Another post for another time is a phrase and a practice I am continually returning myself to: Turn the negative mind worms into composting tiger worms. Which means this blog is essentially a compost bin!
Sovereignty is subject to much scrutiny these days, and justifiably so! To my purposes, which are on the personal autonomous level rather than on a national one, sovereignty is not given by anOther, but once it’s claimed it is recognized by others.

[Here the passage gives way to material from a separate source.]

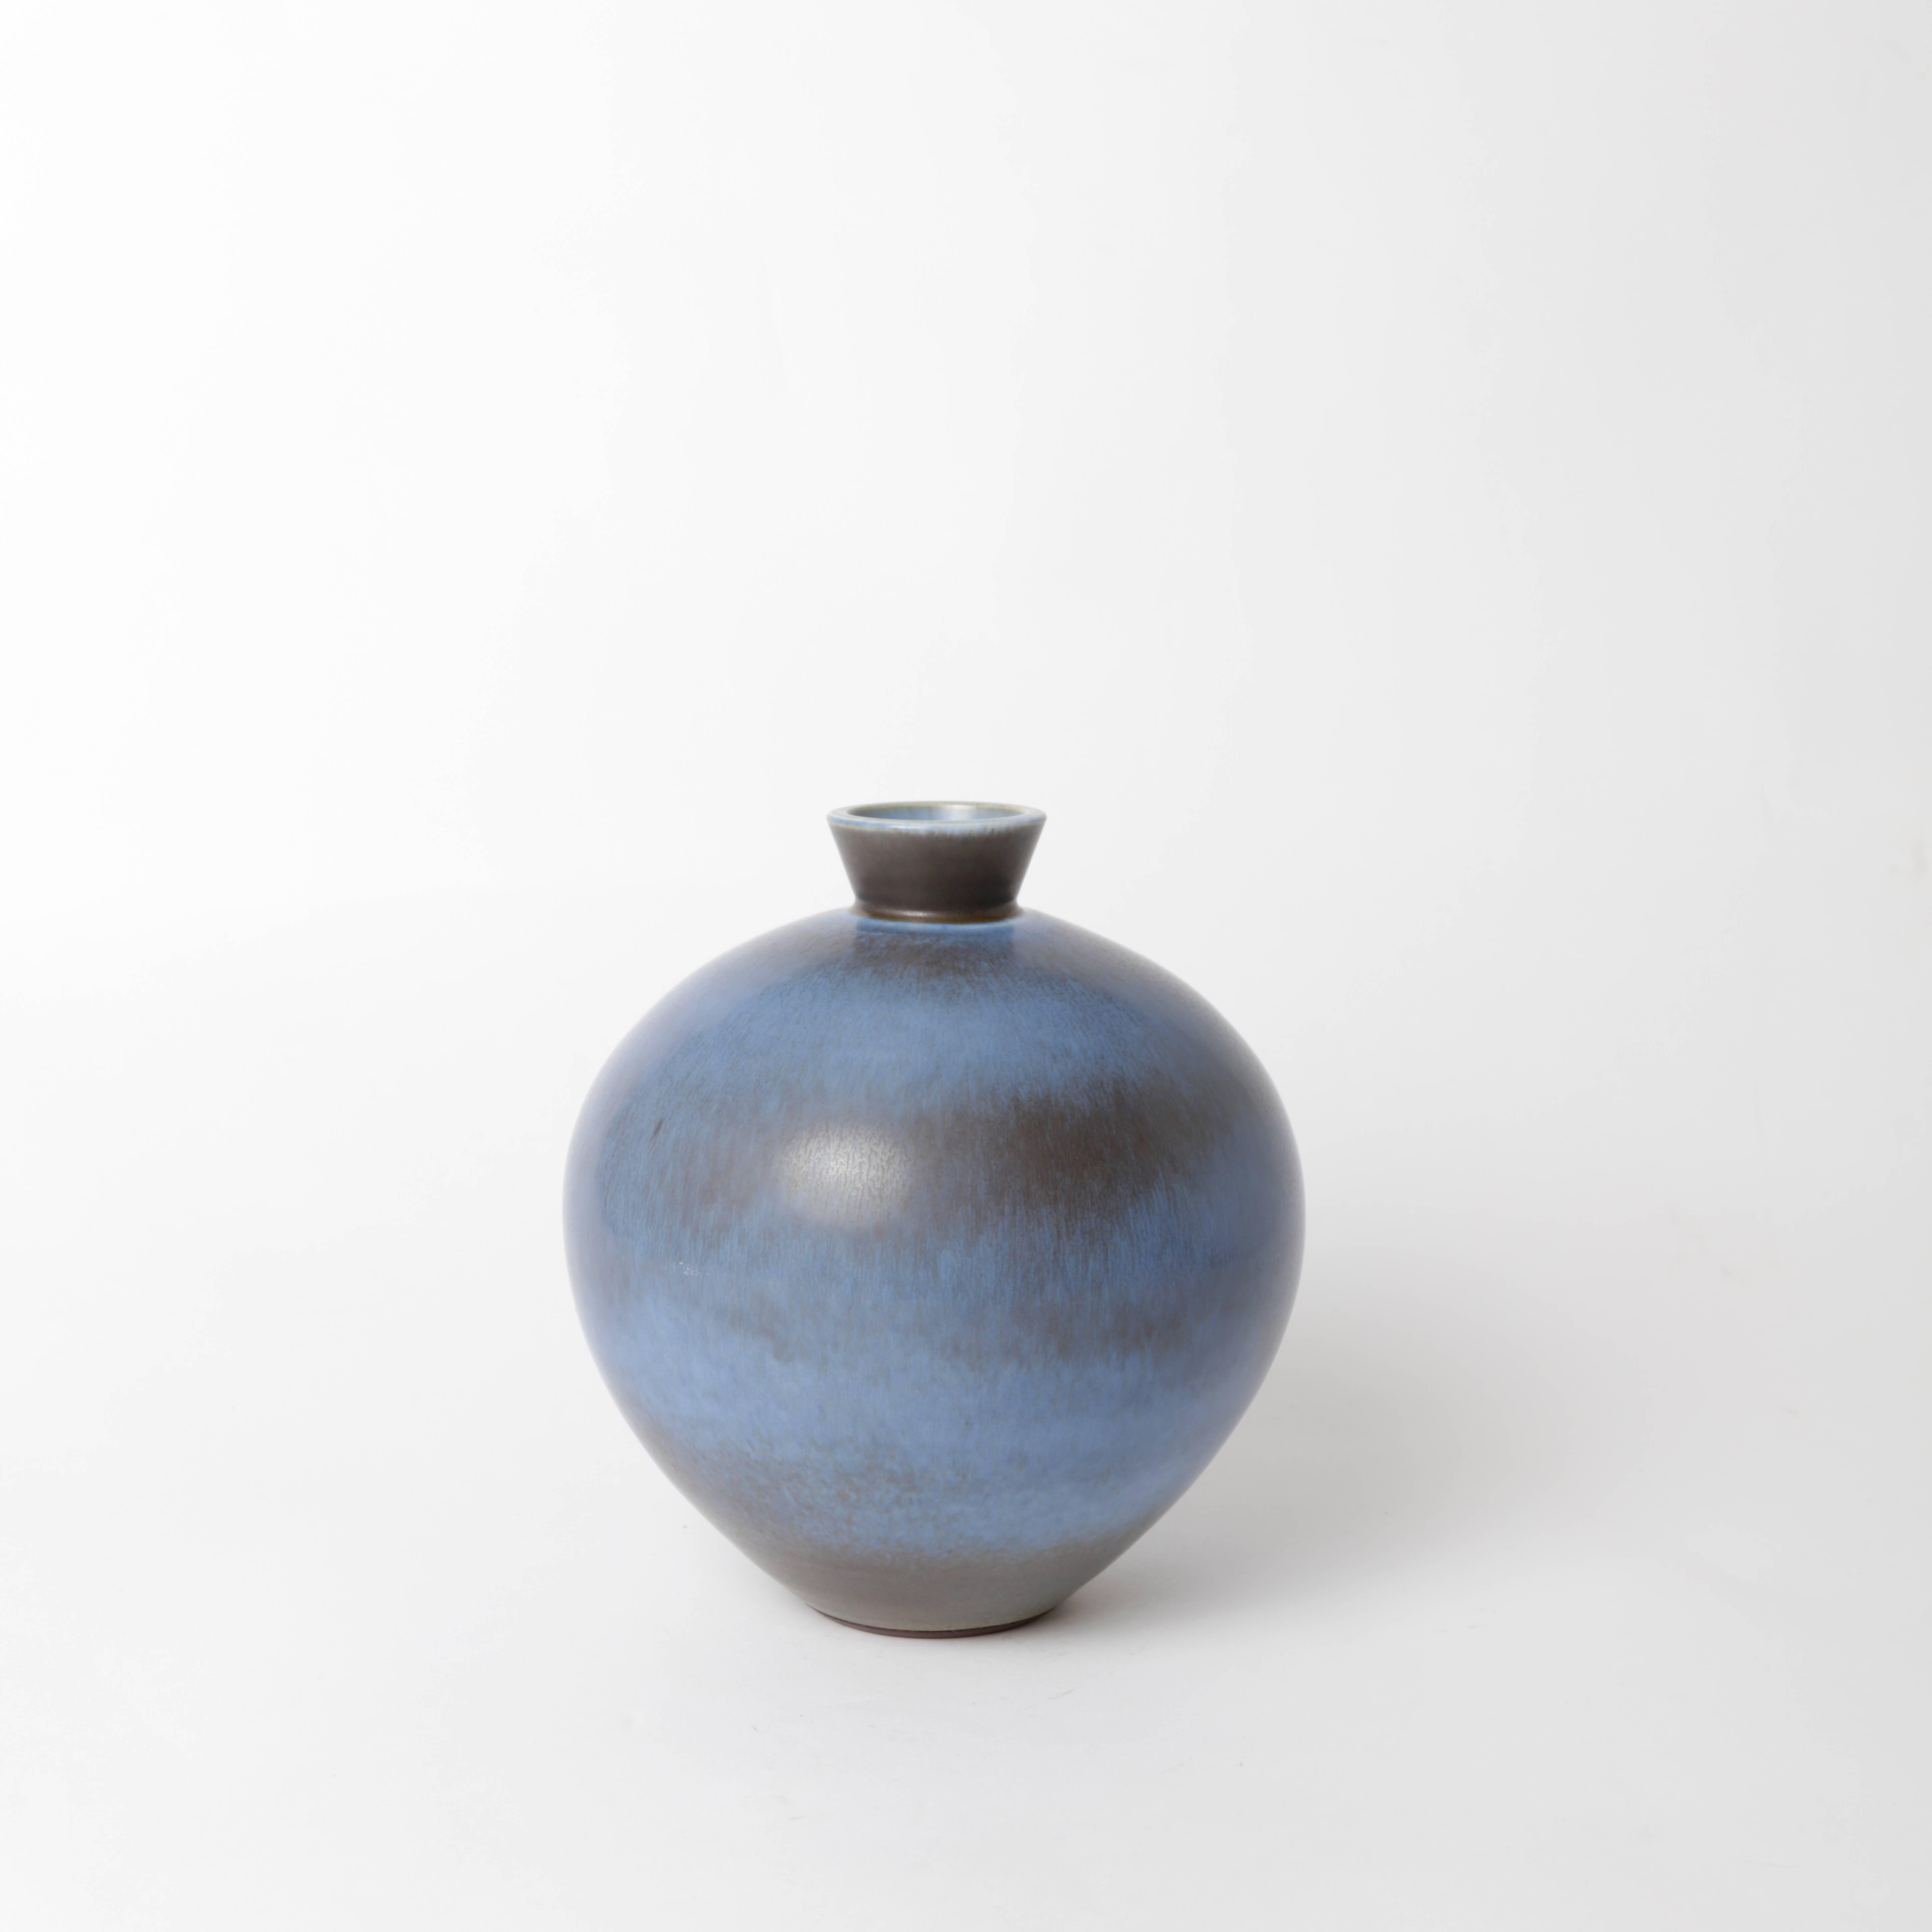 Unique stoneware vase by Berndt Friberg for Gustavsberg 1976 with harefur glaze.
Measures: Height 20cm/7.9

It was my word heading into 2020, after what felt like the debacles of 2019. The lockdowns gave me different challenges to claiming my sovereignty than I anticipated I’d meet.
Here we are 3 years later and I’m still breaking matters down, making nutritive black gold from my past “failures”. Thus, continuing to learn my own mantra - to ‘Trust the Longer Journey’ - since composting doesn’t happen overnight.
Which reminds me of this lovely Antonio Machado poem:
Last night as I was sleeping,
I dreamt—marvelous error!—
that a spring was breaking
out in my heart.
I said: Along which secret aqueduct,
Oh water, are you coming to me,
water of a new life
that I have never drunk?
Last night as I was sleeping,
I dreamt—marvelous error!—
that I had a beehive
here inside my heart.
And the golden bees
were making white combs
and sweet honey
from my old failures.
Last night as I was sleeping,
I dreamt—marvelous error!—
that a fiery sun was giving
light inside my heart.
It was fiery because I felt
warmth as from a hearth,
and sun because it gave light
and brought tears to my eyes.
Last night as I slept,
I dreamt—marvelous error!—
that it was God I had
here inside my heart.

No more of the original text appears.